- _Task instructions_:
Pictures should be left out when the listing below is repeated word for word.

───── Source material

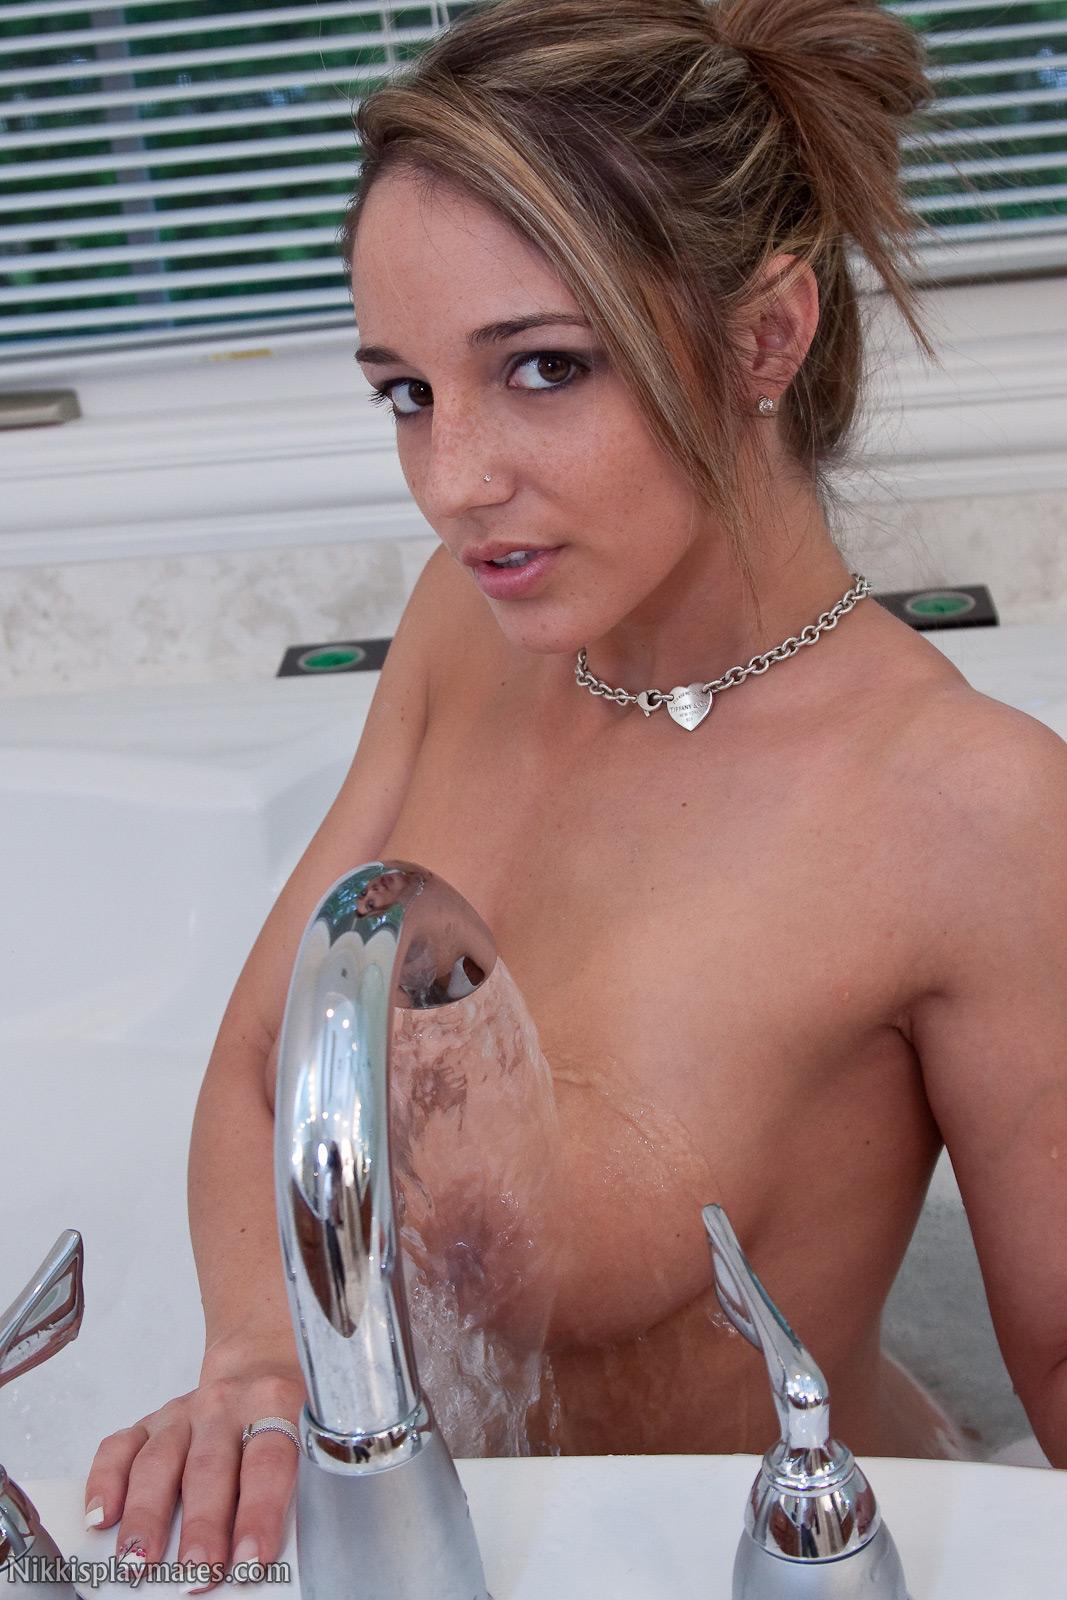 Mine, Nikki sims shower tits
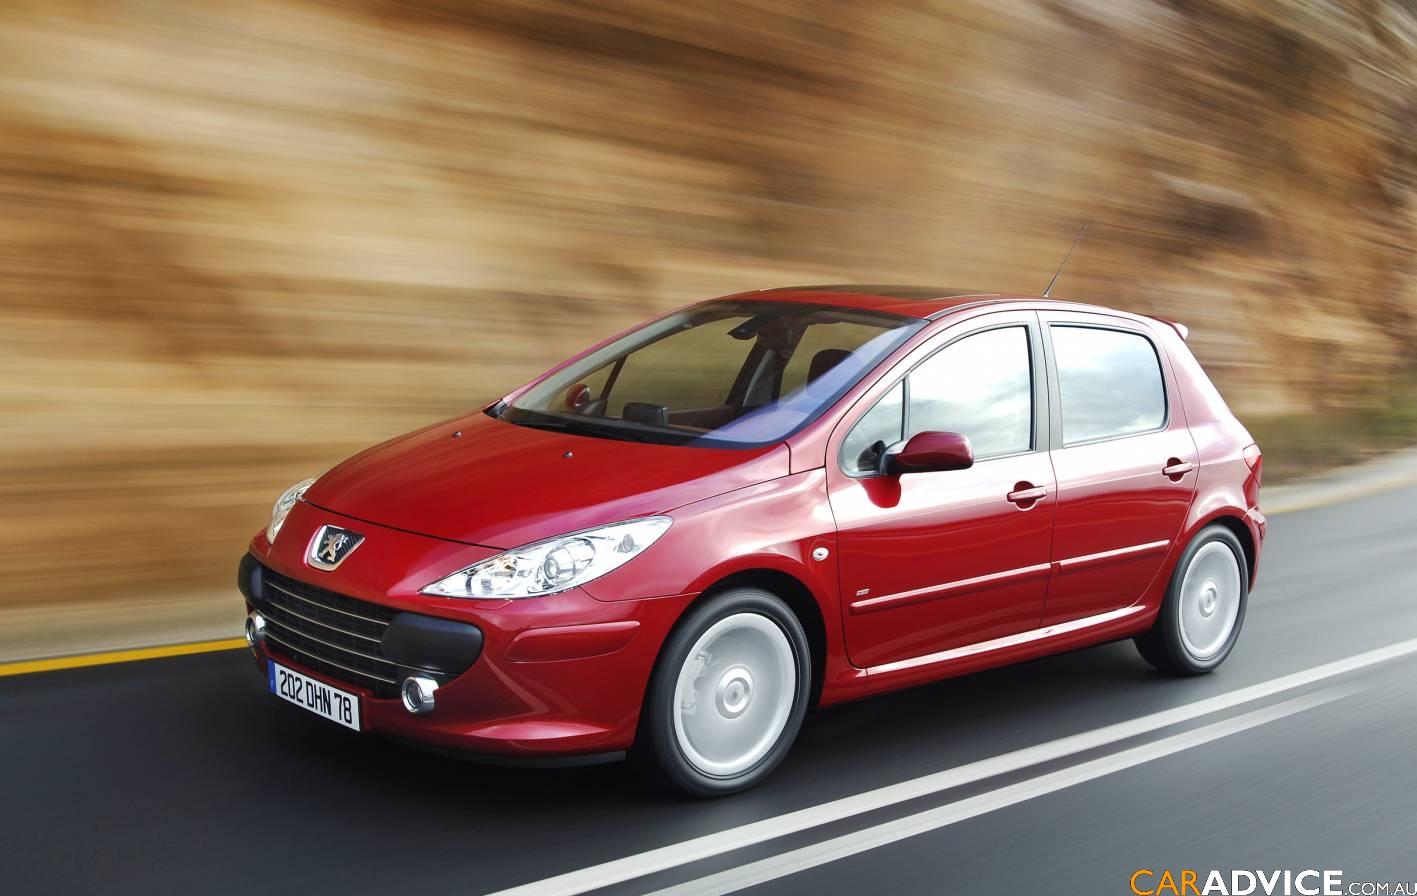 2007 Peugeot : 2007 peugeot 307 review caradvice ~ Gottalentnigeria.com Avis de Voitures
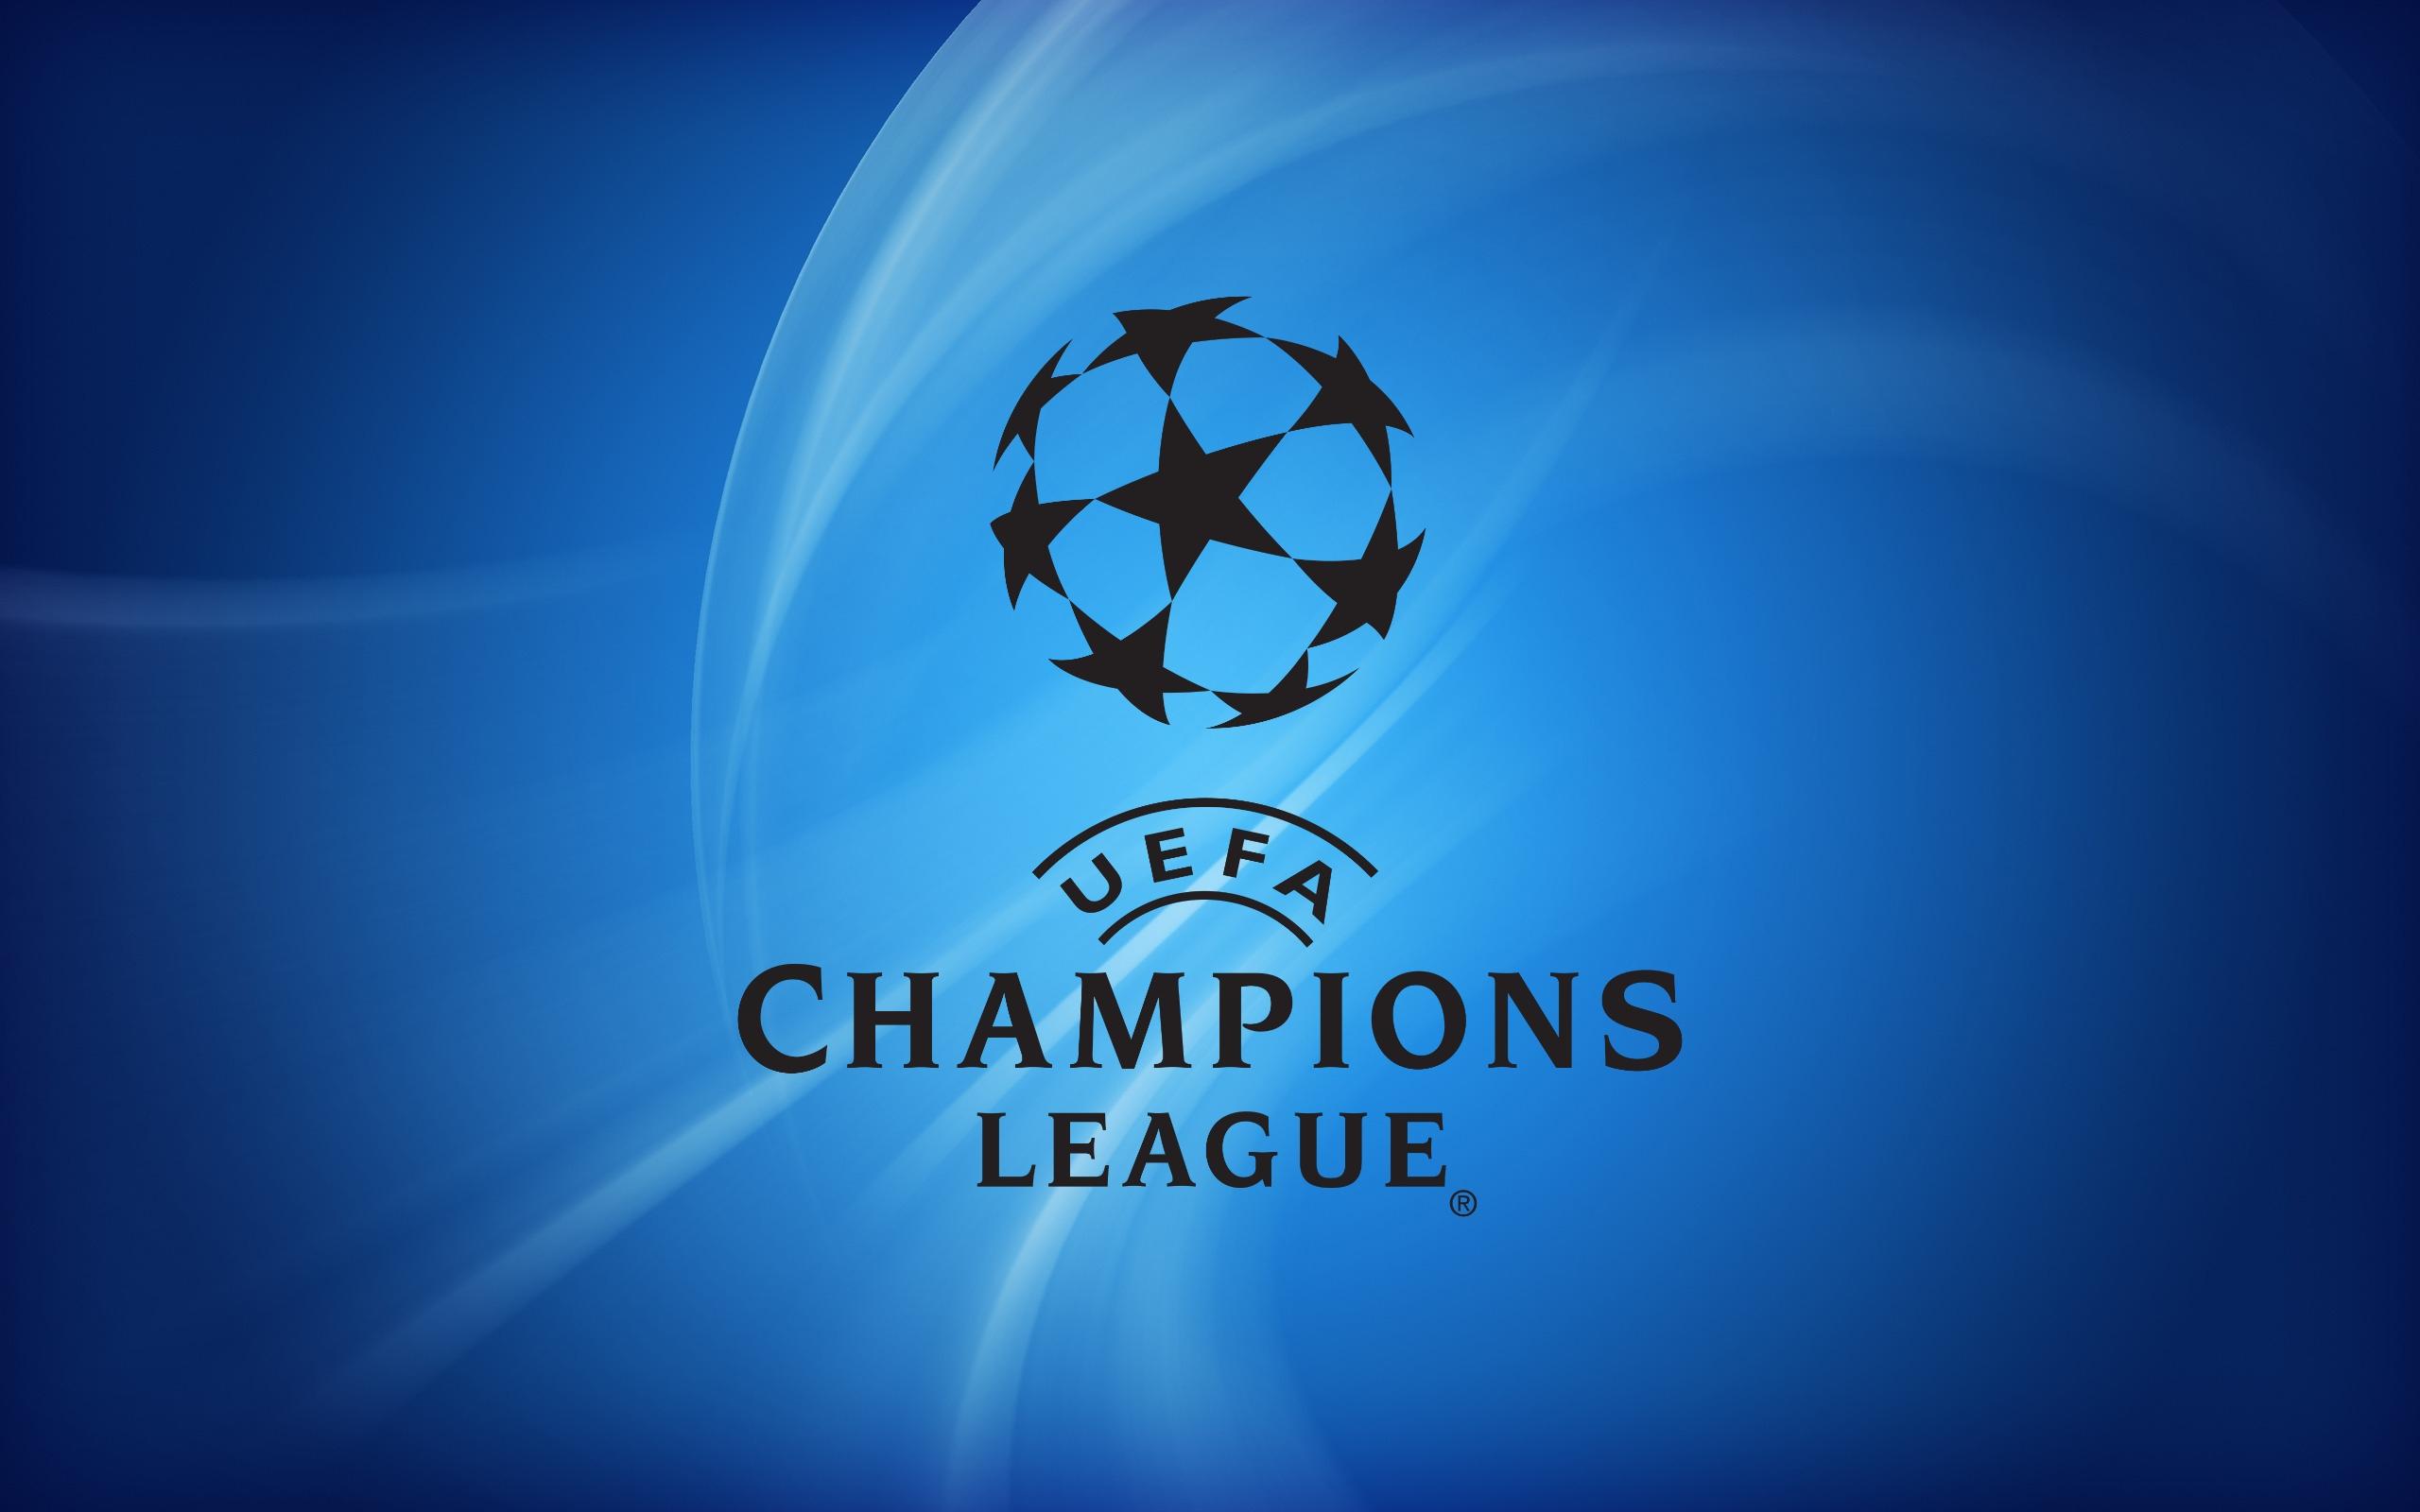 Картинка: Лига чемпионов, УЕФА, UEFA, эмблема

──────────

- _Response_:
 Mine, Nikki sims shower tits
 2007 Peugeot : 2007 peugeot 307 review caradvice ~ Gottalentnigeria.com Avis de Voitures
 Картинка: Лига чемпионов, УЕФА, UEFA, эмблема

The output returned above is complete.